> [Extracted data]
- - -
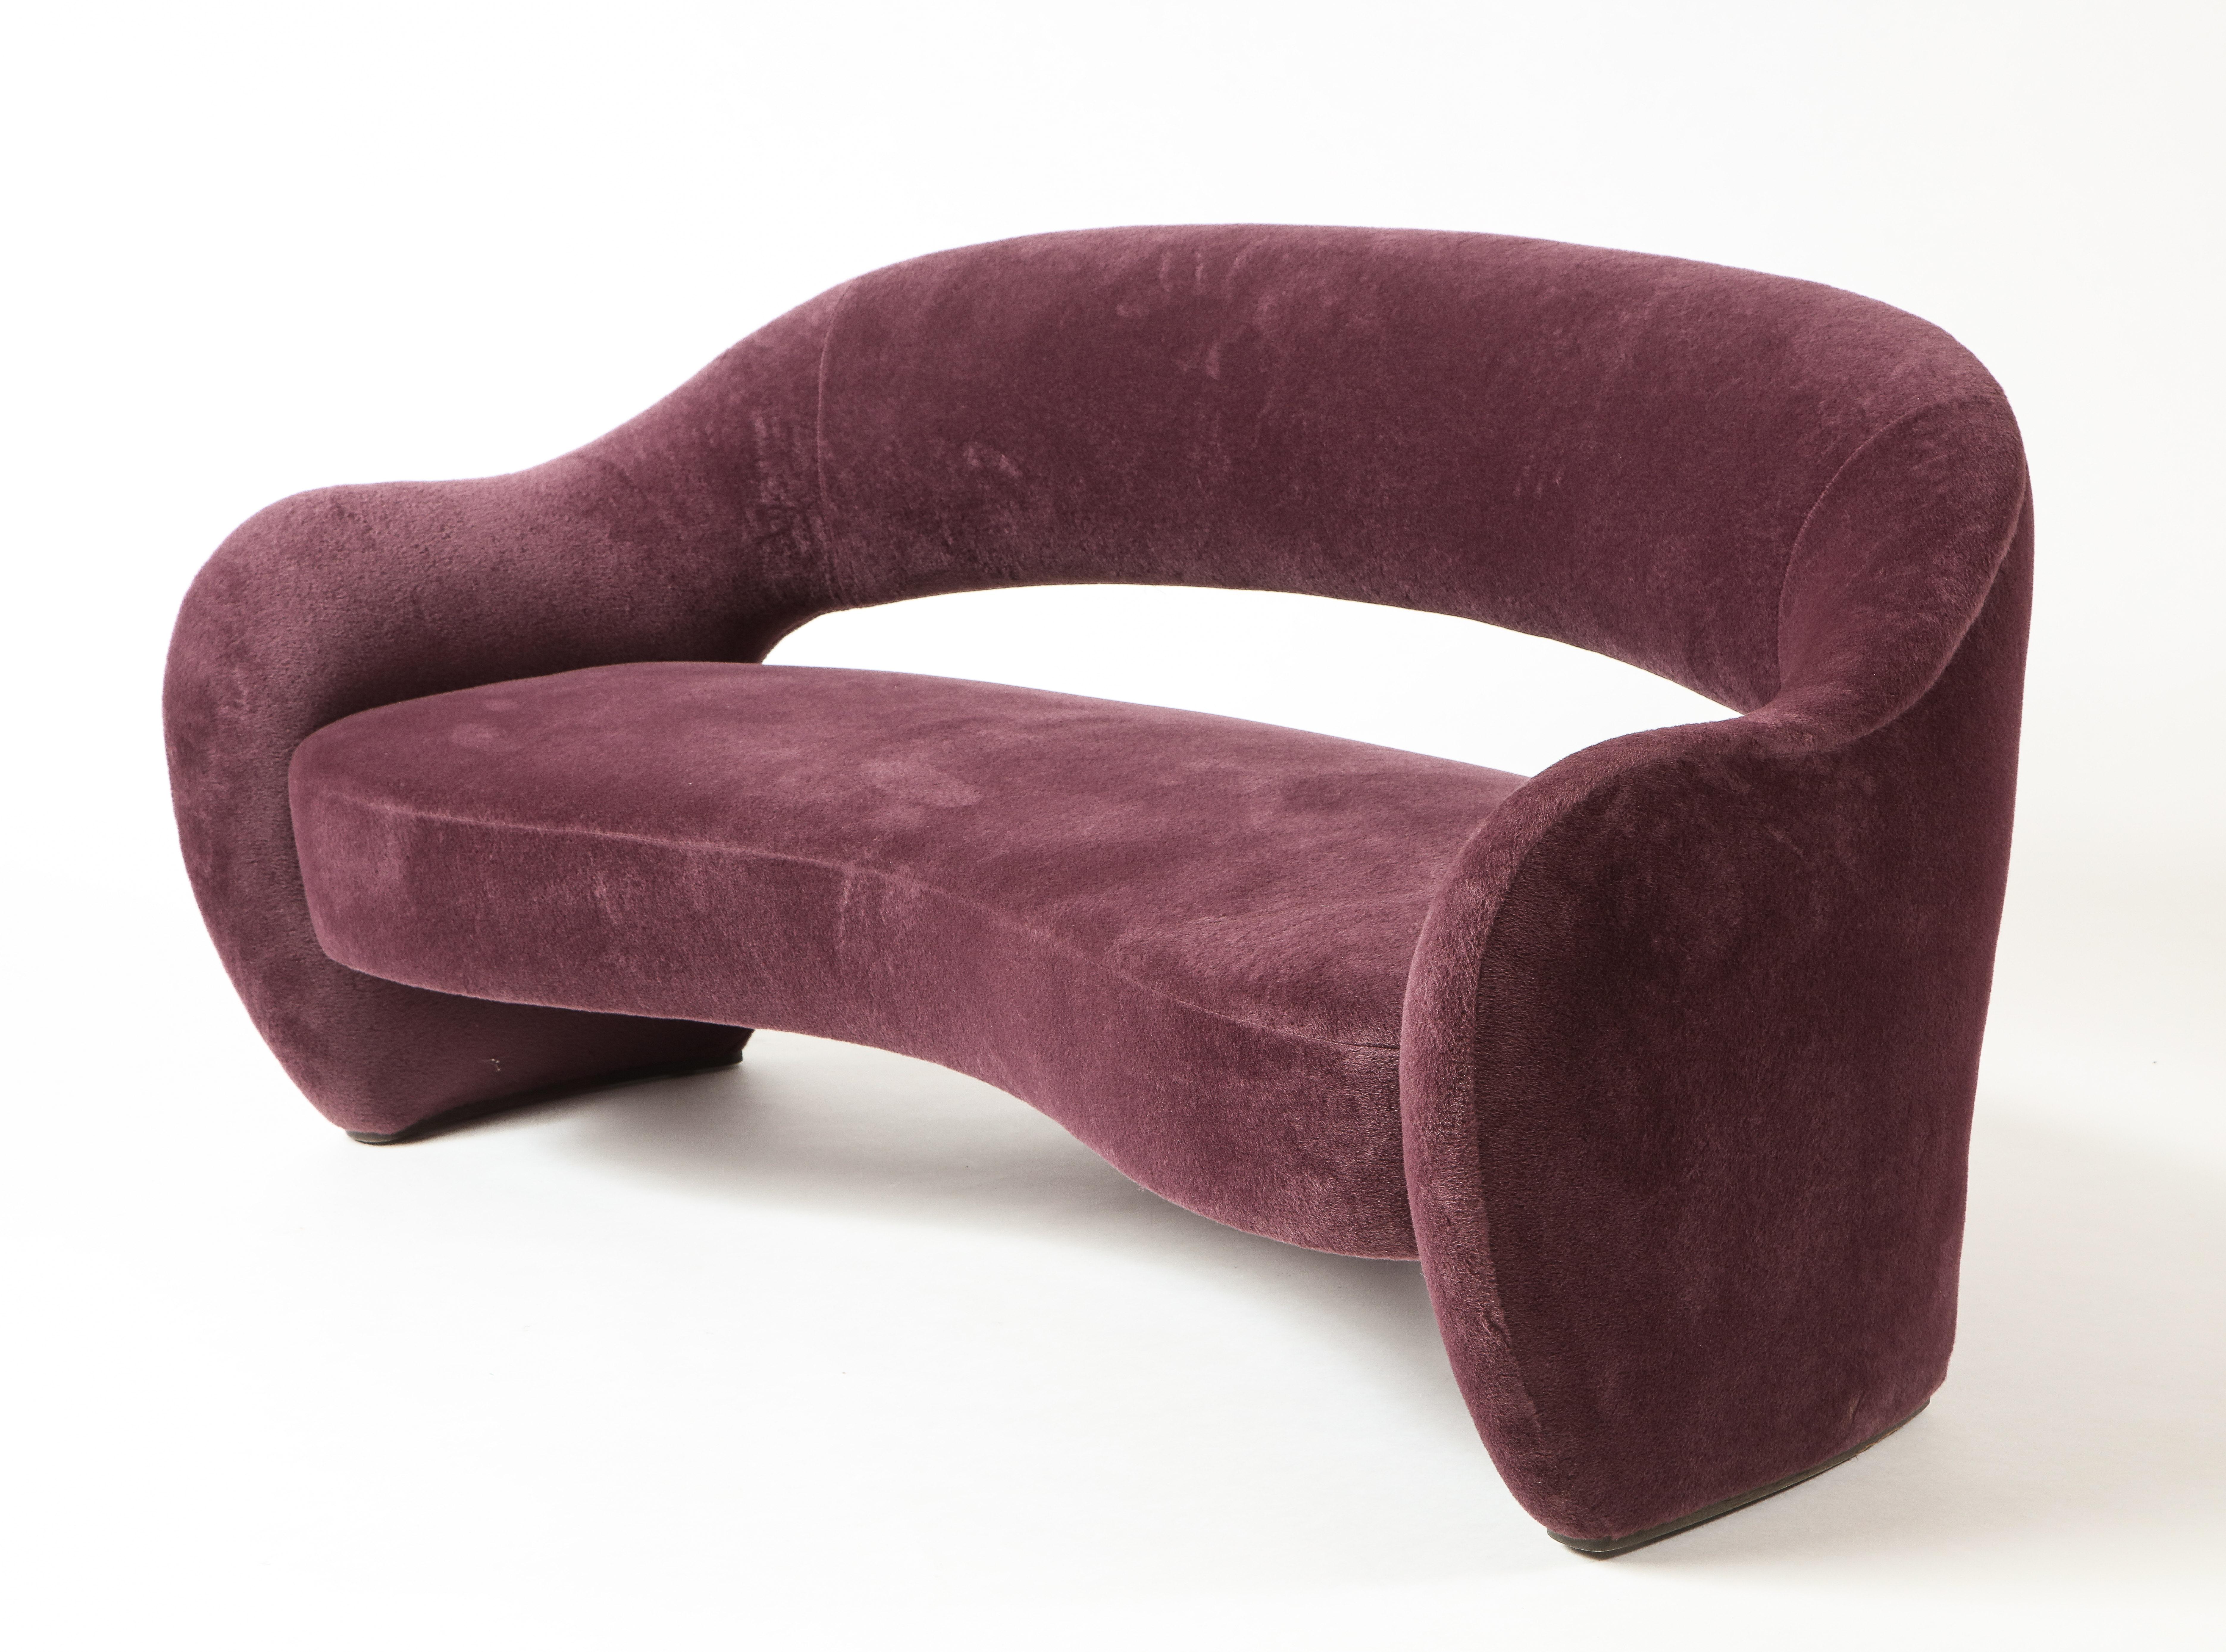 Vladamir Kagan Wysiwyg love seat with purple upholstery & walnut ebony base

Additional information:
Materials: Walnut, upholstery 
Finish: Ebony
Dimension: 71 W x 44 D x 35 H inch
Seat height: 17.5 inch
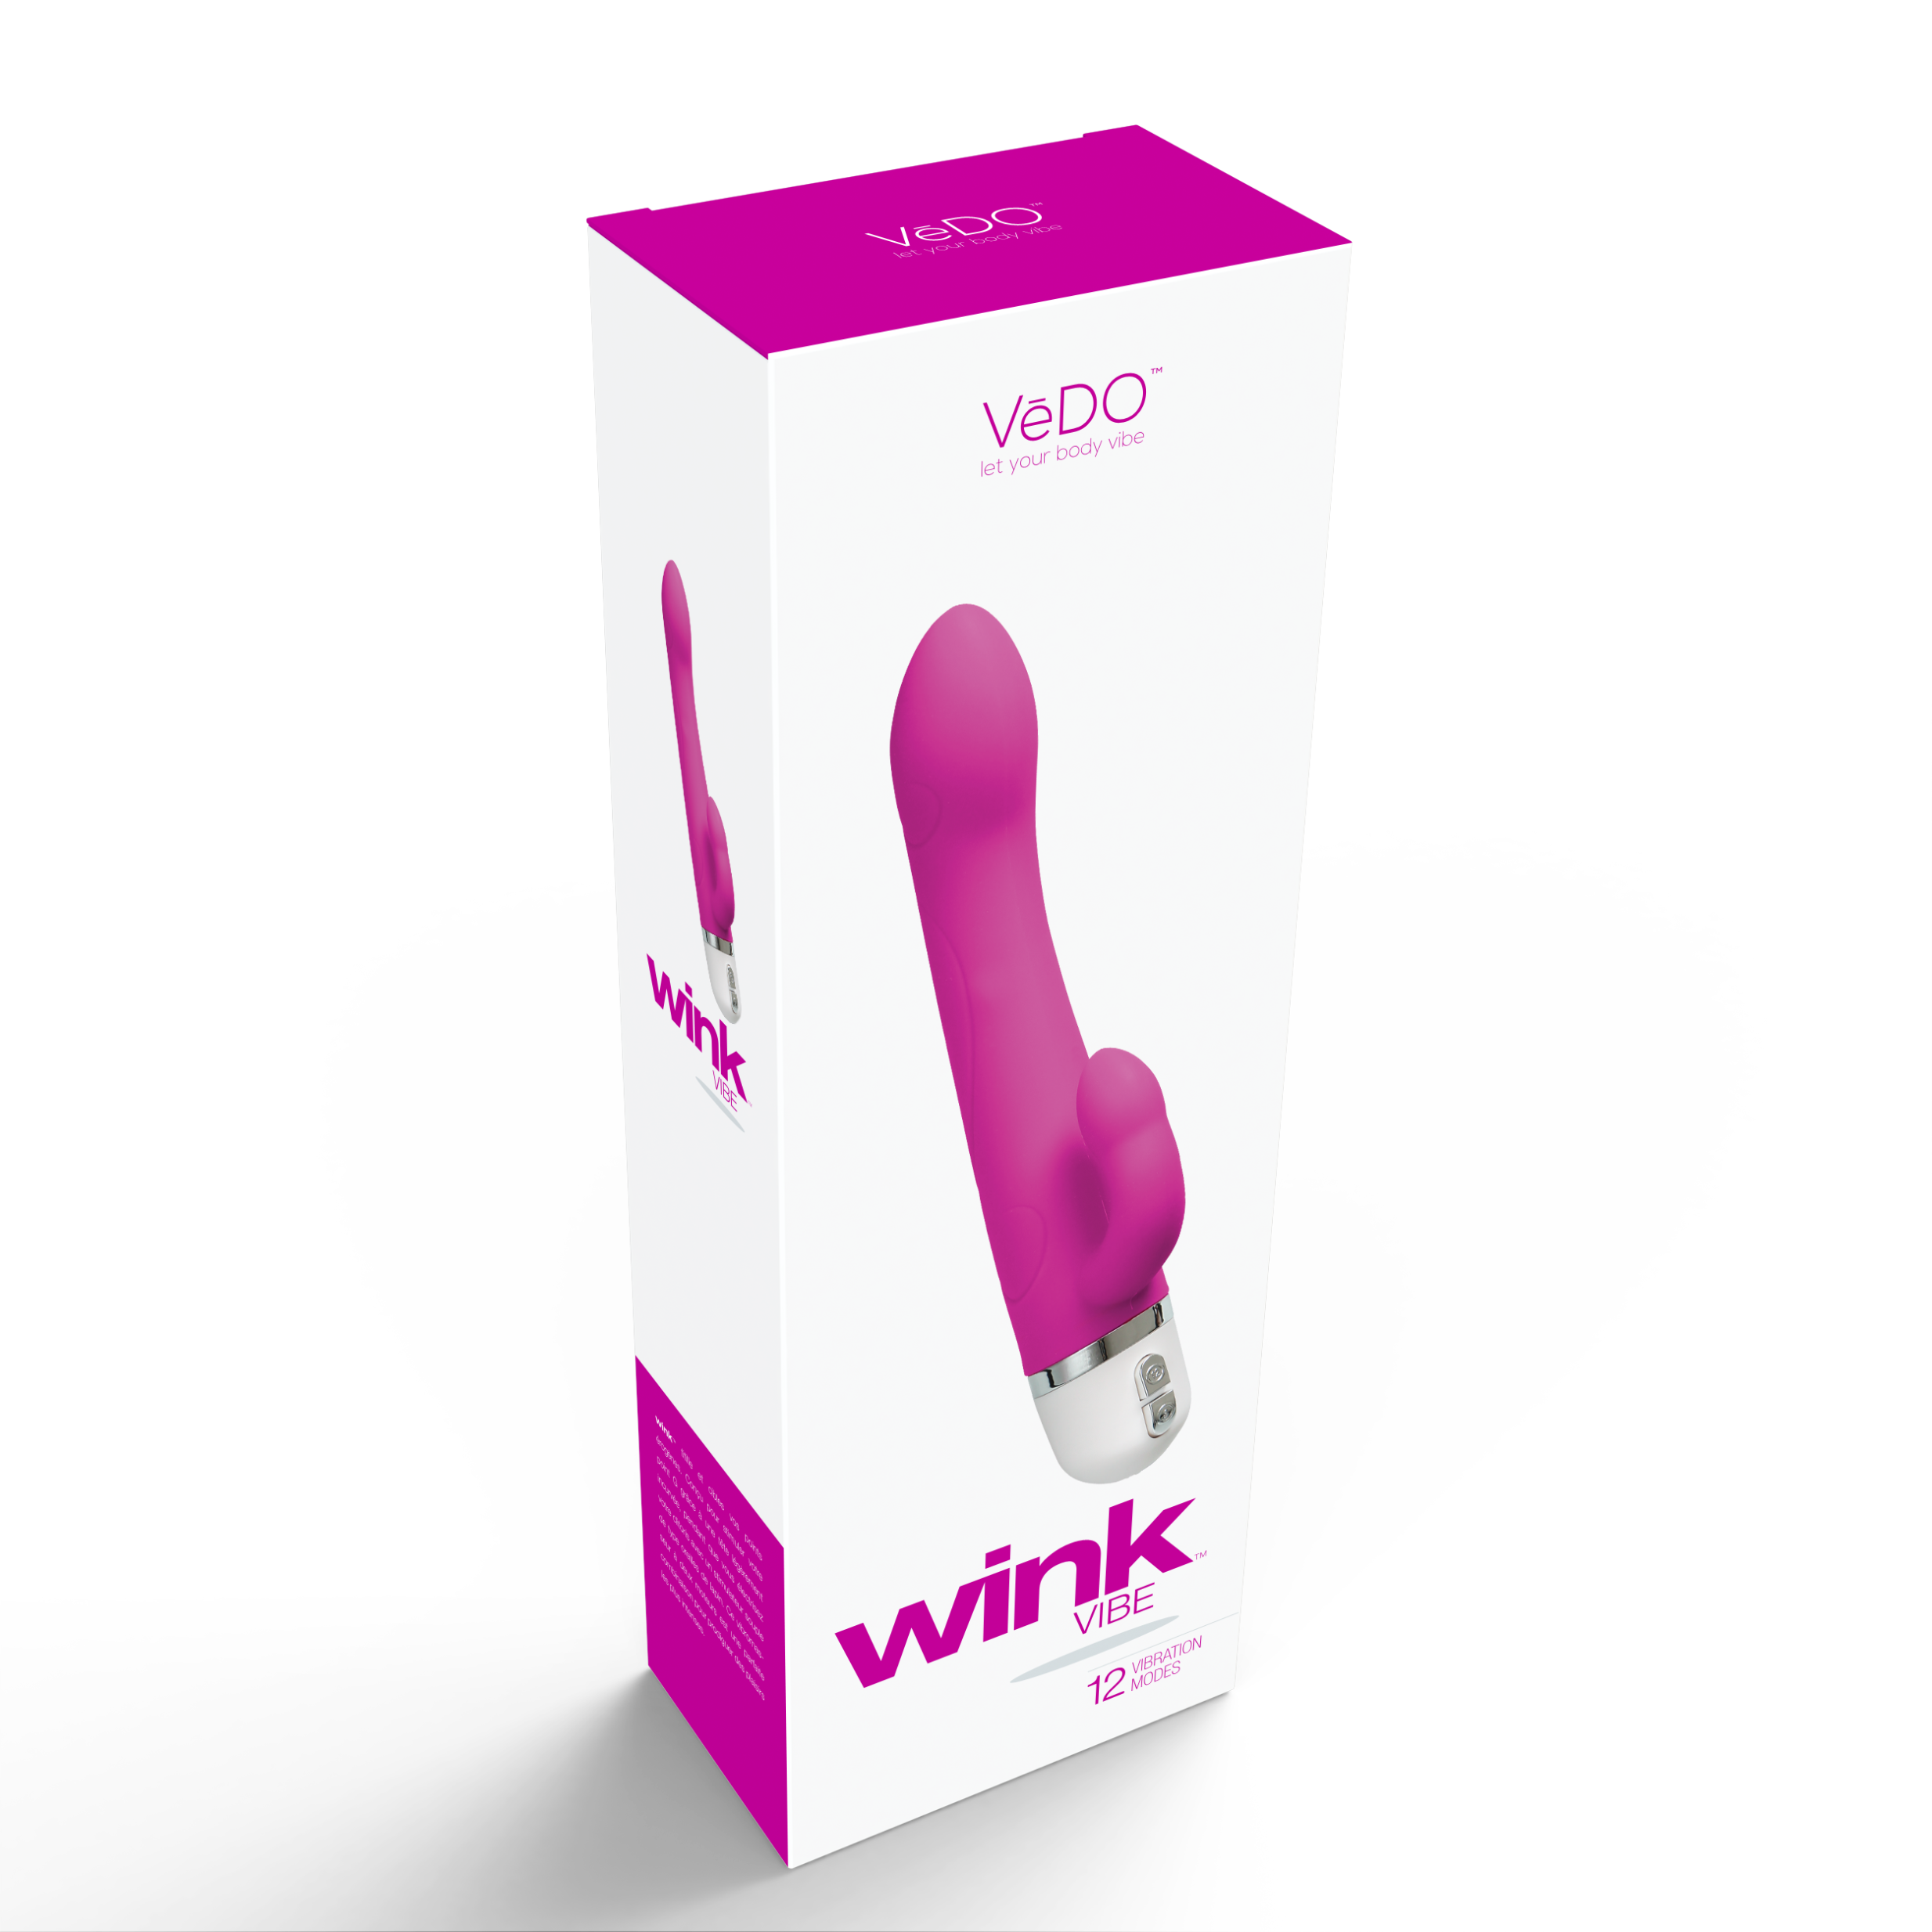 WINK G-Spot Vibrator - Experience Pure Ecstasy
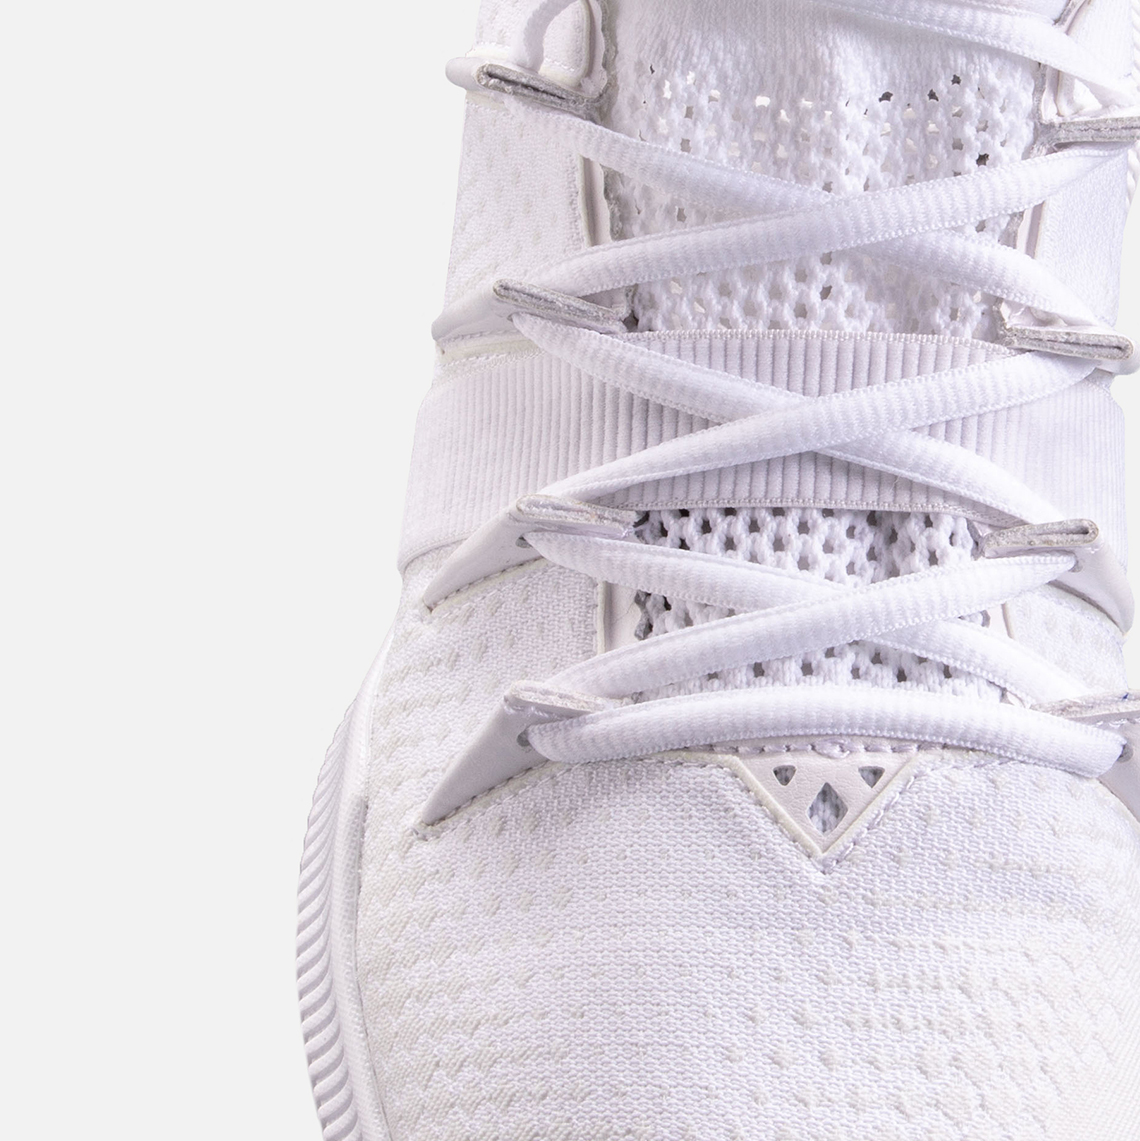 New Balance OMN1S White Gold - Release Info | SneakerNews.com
- - -
> [Brief]
Write out exactly, and only, the lines running from the line with "Finish: Ebony" to the last line above, both included, with all pictures omitted.

> [Exercise response]
Finish: Ebony
Dimension: 71 W x 44 D x 35 H inch
Seat height: 17.5 inch
 WINK G-Spot Vibrator - Experience Pure Ecstasy
 New Balance OMN1S White Gold - Release Info | SneakerNews.com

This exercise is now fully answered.